Wednesday, April 16, 2014

Wednesday 4/16/2014 Class

Scene-by-scene stories:  couple up, and exchange.  "Map out" how the story moves forward using a storyboard.  Come up with a short two or three sentence précis of the story, focusing on beginning, middle and end.  Discuss in class.

Titles:  let's list out all the titles you came up with, and then decide on which make the process of drafting a story easiest.  What does a title do and mean for a story?  How can it be "unpacked"?  Then each student selects his/her favorite title and starts a story in class.

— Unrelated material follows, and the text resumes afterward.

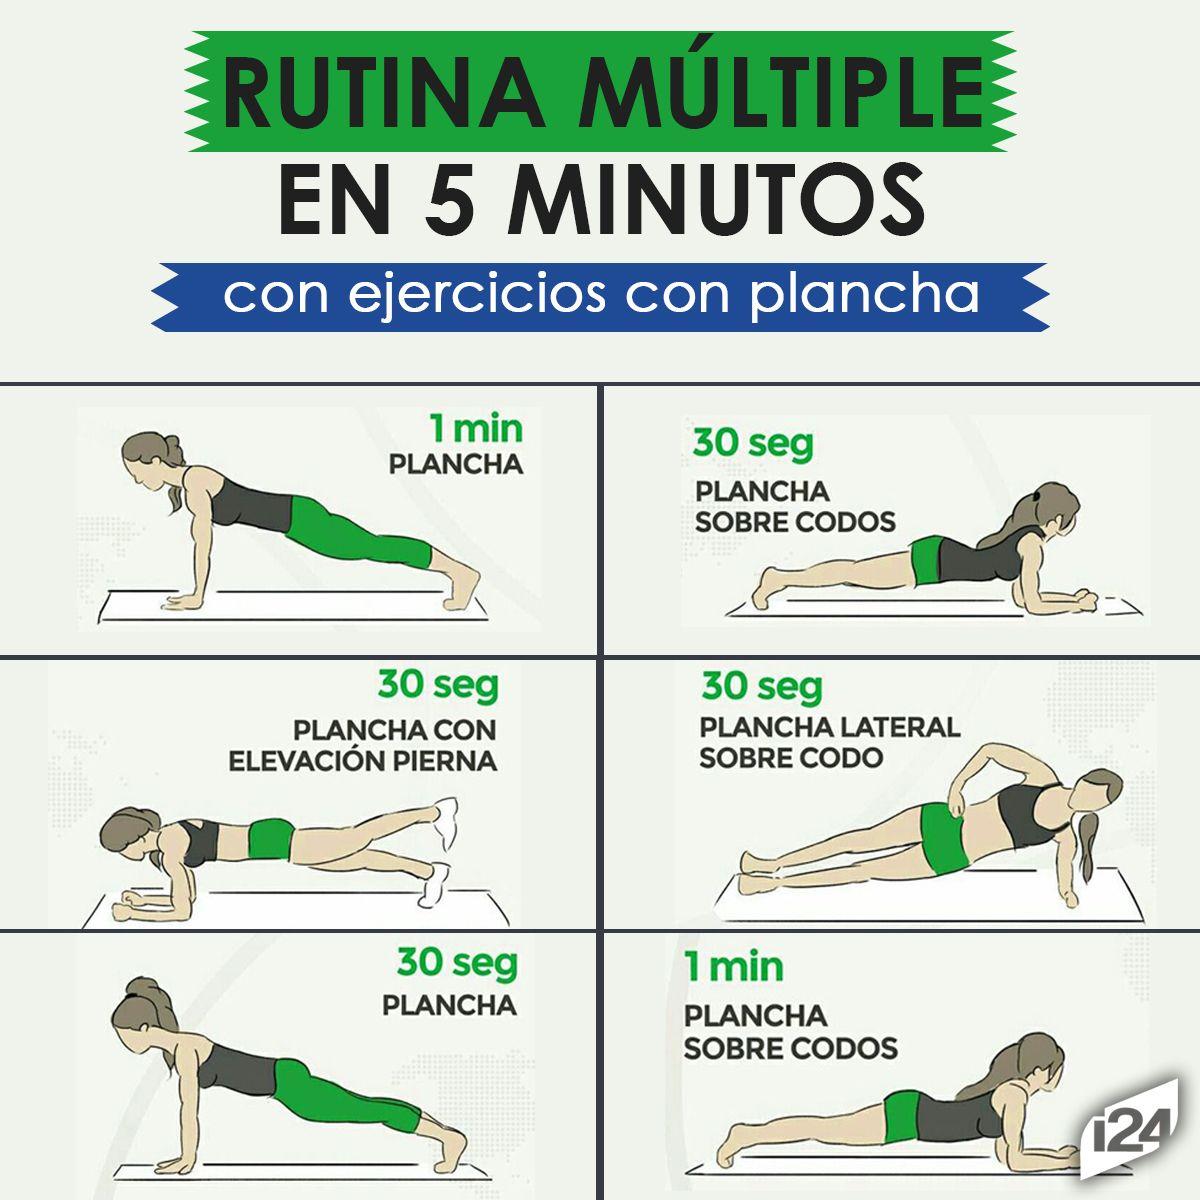 Rutina de ejercicios para bajar de peso y tonificar en

Flannery O’Connor in Mysteries and Manners:  “I know a good many fiction writers who paint, not because they’re any good at painting, but because it helps their writing.  It forces them to look at things.  Fiction writing is very seldom a matter of saying things; it is a matter of showing things.   However, to say that fictions proceeds by the use of detail does not mean the simple, mechanical piling-up of detail.  Detail has to be controlled by some overall purpose, and every detail has to be put to work for you.  Art is selective.  What is there is essential and creates movement.”   What does it mean to “look”?  How do you “look” at things/people/places/events/etc?  Is there a difference between “looking” and “seeing”?  How is art “selective”?  In class writing:  describe what is right in front of you in a beautifully constructed paragraph.